Location
- Link Road Anstey, Leicestershire, LE7 7EB England 52°40′41″N 1°11′28″W﻿ / ﻿52.678°N 1.191°W

Information
- Type: Academy
- Established: 1957
- Department for Education URN: 137828 Tables
- Ofsted: Reports
- Head teacher: Laura Sanchez
- Gender: Coeducational
- Age: 11 to 16
- Enrolment: 624
- Website: http://www.martinhigh.org

= The Martin High School, Anstey =

The Martin High School is a coeducational secondary school with academy status, located in the village of Anstey, Leicestershire, on the outskirts of Leicester.

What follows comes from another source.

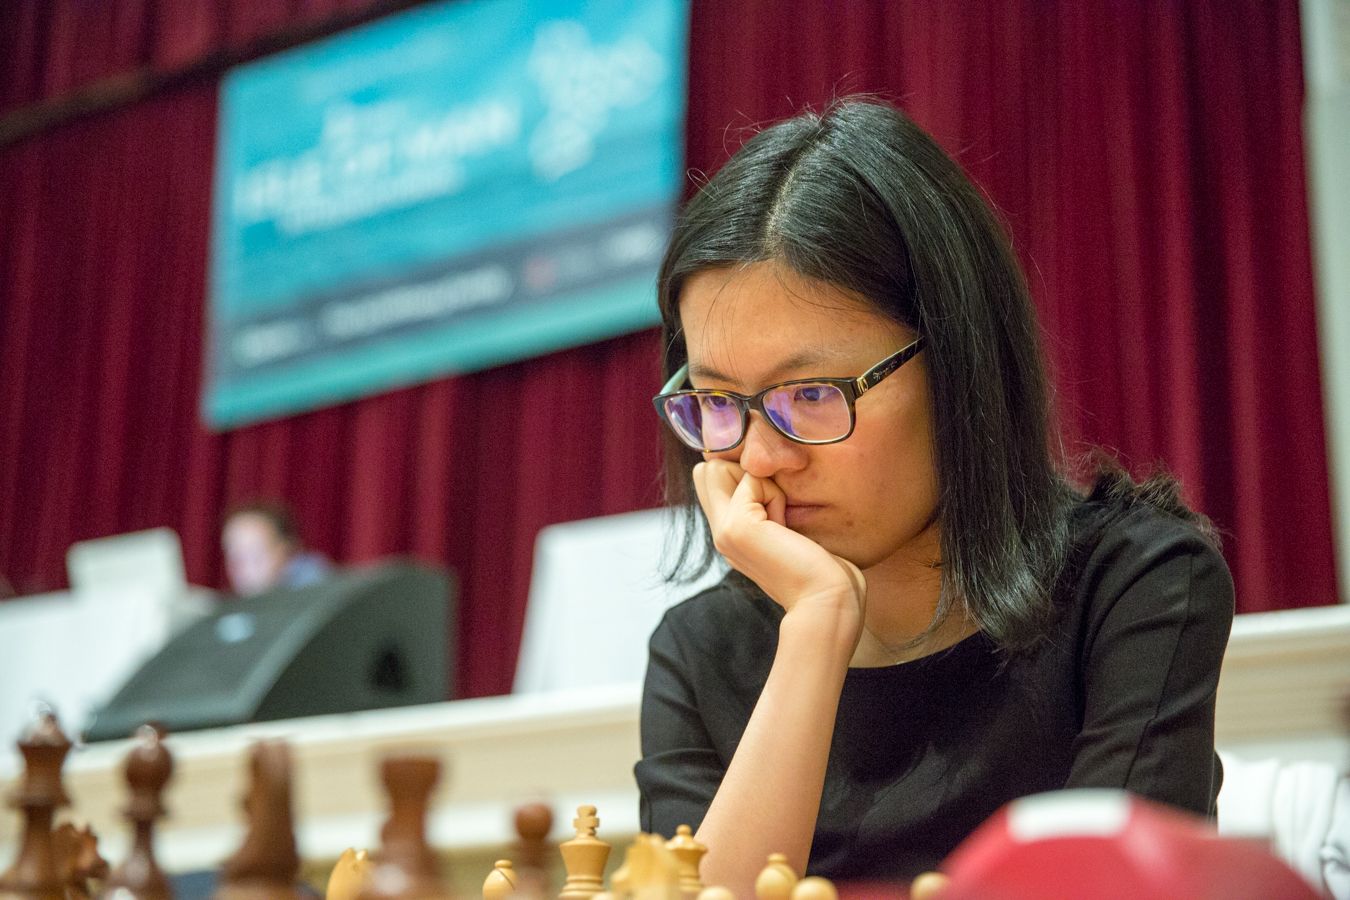 Wei Yi : The World’s Youngest Super Grandmaster - Chess

The school accepts students from nearby Beaumont Leys, Glenfield, Thurcaston and Cropston as well as some students from New Parks and Braunstone.

The school has won awards such as The Healthy Schools Award and in its most recent Ofsted inspection the school was graded "Good".

== History ==
The Martin High School was founded in 1957 and was named after Sir Robert Martin, Chairman of the Leicester County Council, in honour of his public service.

Originally a Secondary Modern school for pupils aged 11 to 16, then a middle school for ages 11 to 14 ages, in September 2013 The Martin High School became, again, a secondary school for pupils aged 11 to 16. The first GCSE results for the school were received in 2015.